[Start of Attachment]

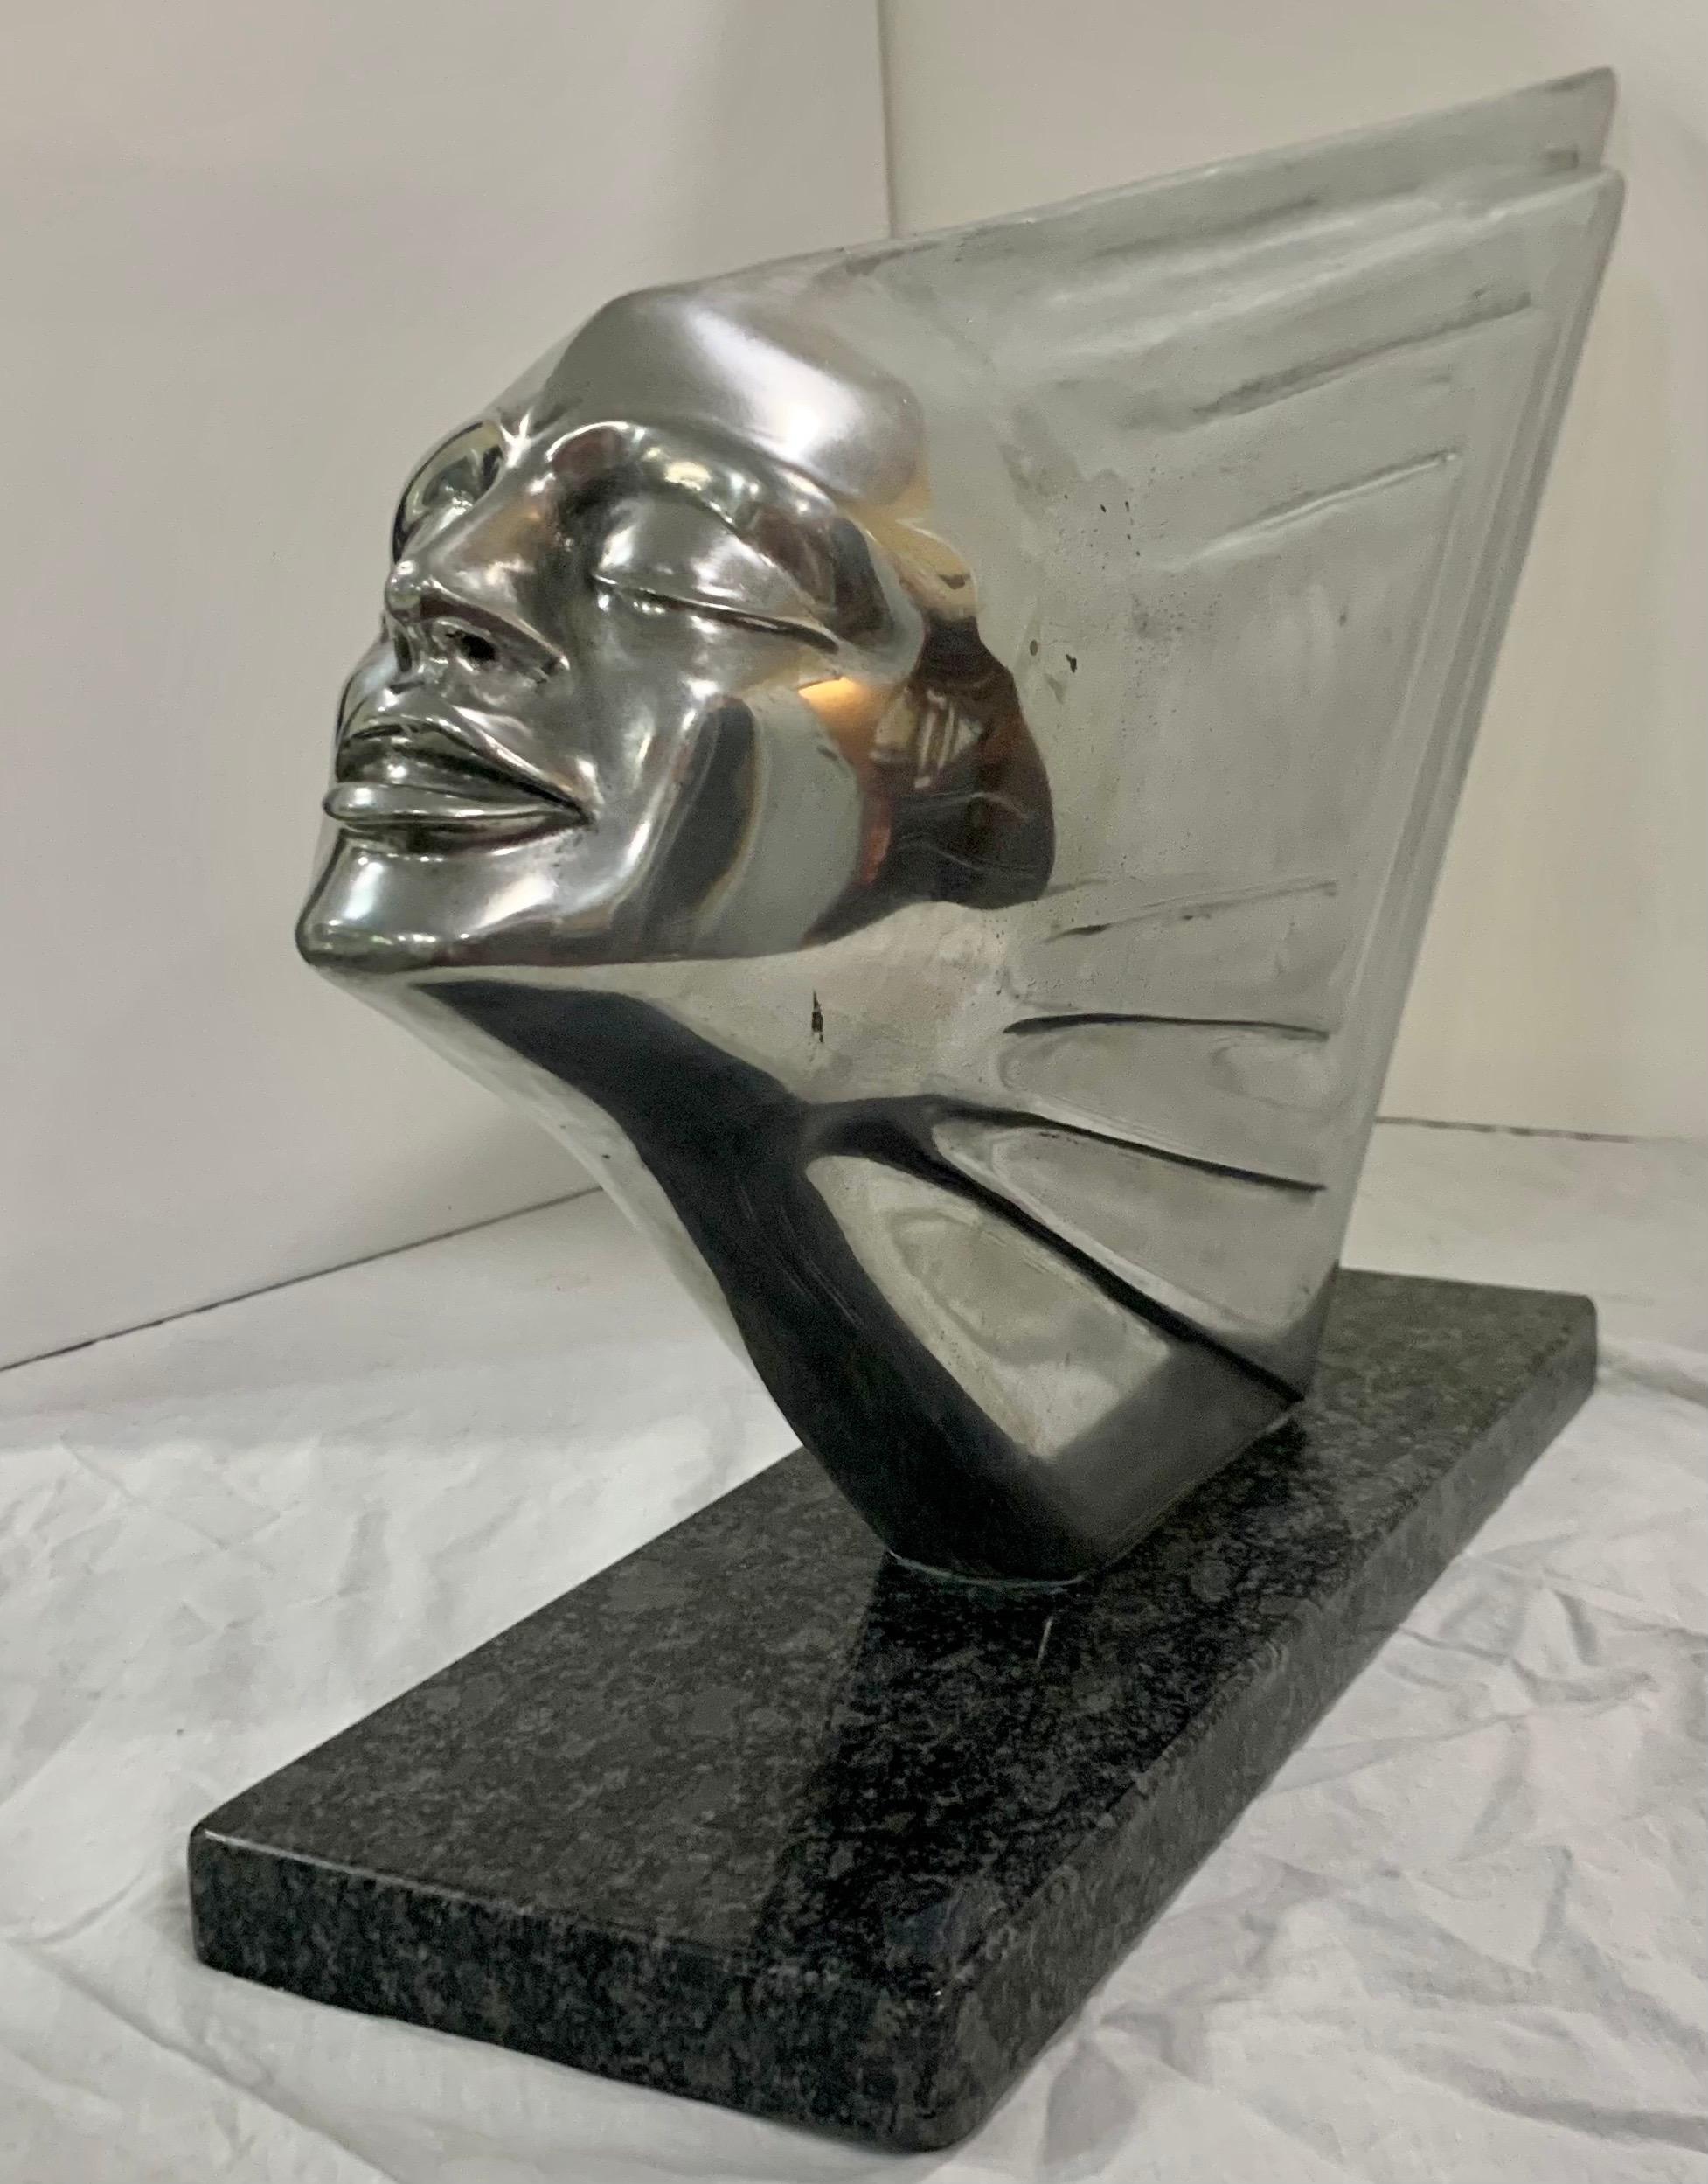 Stunning Lee Duran (1941-2014) aluminum and polished granite sculpture. This important work of art was part of Duran's Chrome Goddess Series Siren Sculptures. There are only five of this sculpture and another five of a slightly smaller sculpture
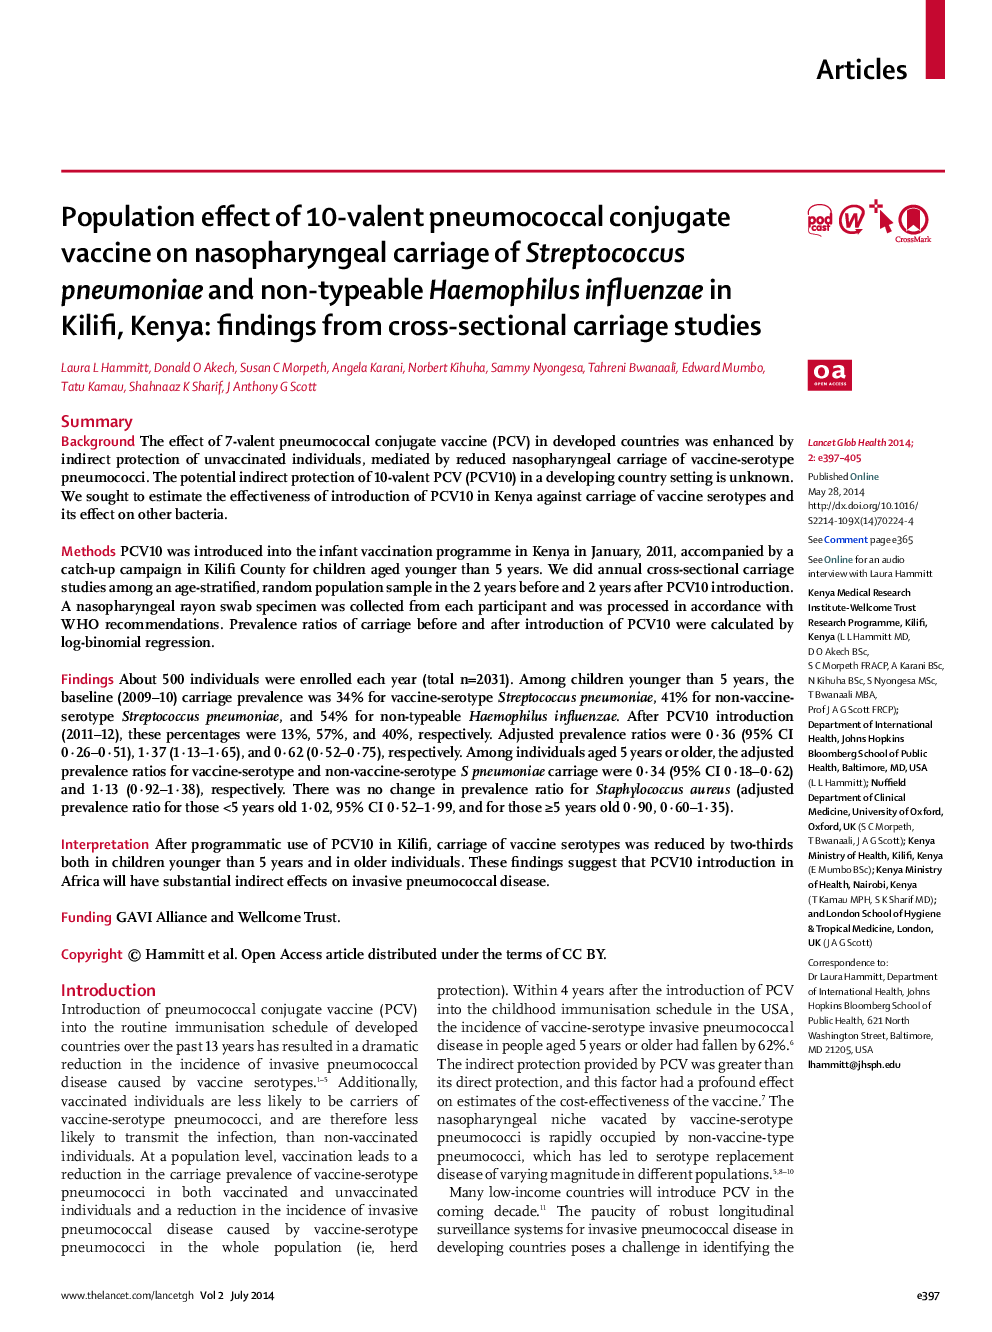 Population effect of 10-valent pneumococcal conjugate vaccine on nasopharyngeal carriage of Streptococcus pneumoniae and non-typeable Haemophilus influenzae in Kilifi, Kenya: findings from cross-sectional carriage studies
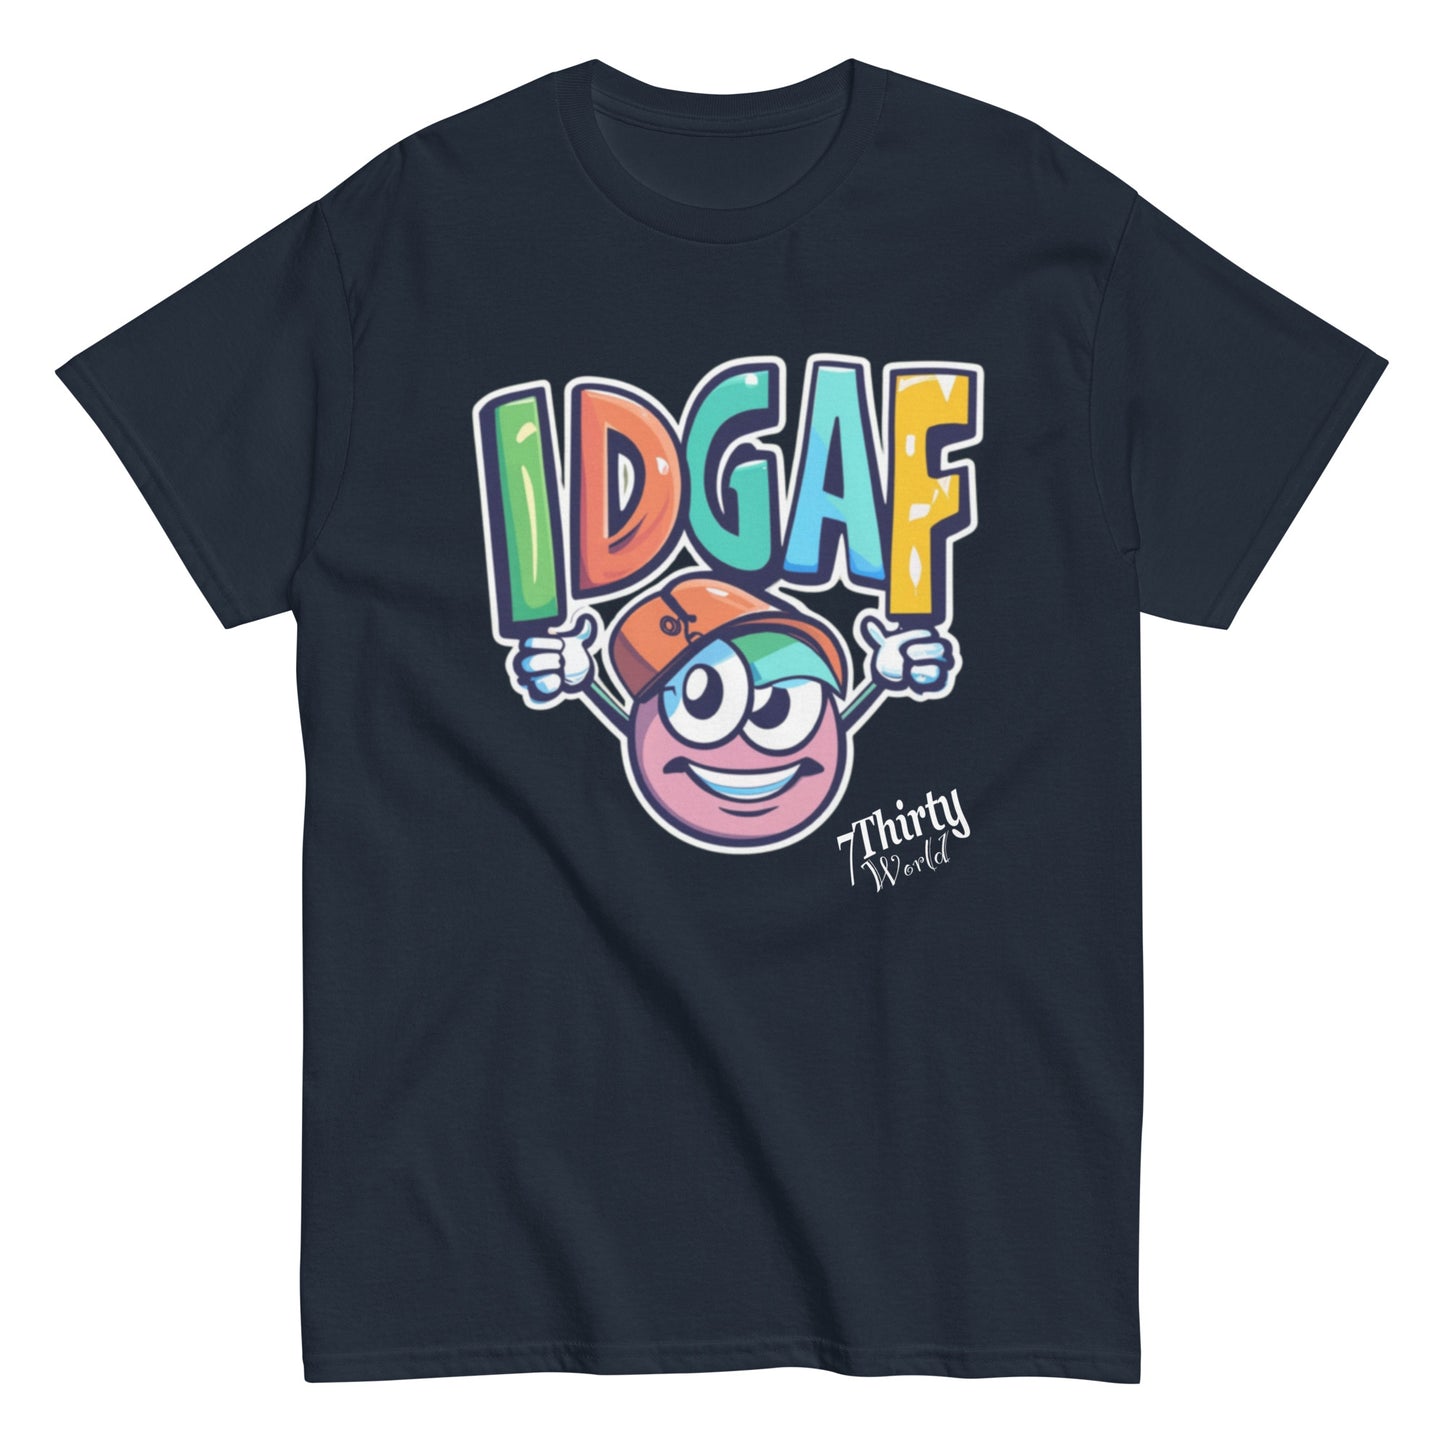 7ThirtyWorld "IDGAF v1" NFT-Shirt from the "Say It With Ya Chest" Collection

[End of Attachment]

- WORK INSTRUCTION
Only the words belong in your copy: restate the data above exactly and leave the images out.

- ANSWER BELOW
 Stunning Lee Duran (1941-2014) aluminum and polished granite sculpture. This important work of art was part of Duran's Chrome Goddess Series Siren Sculptures. There are only five of this sculpture and another five of a slightly smaller sculpture
 Population effect of 10-valent pneumococcal conjugate vaccine on nasopharyngeal carriage of Streptococcus pneumoniae and non-typeable Haemophilus influenzae in Kilifi, Kenya: findings from cross-sectional carriage studies
 7ThirtyWorld "IDGAF v1" NFT-Shirt from the "Say It With Ya Chest" Collection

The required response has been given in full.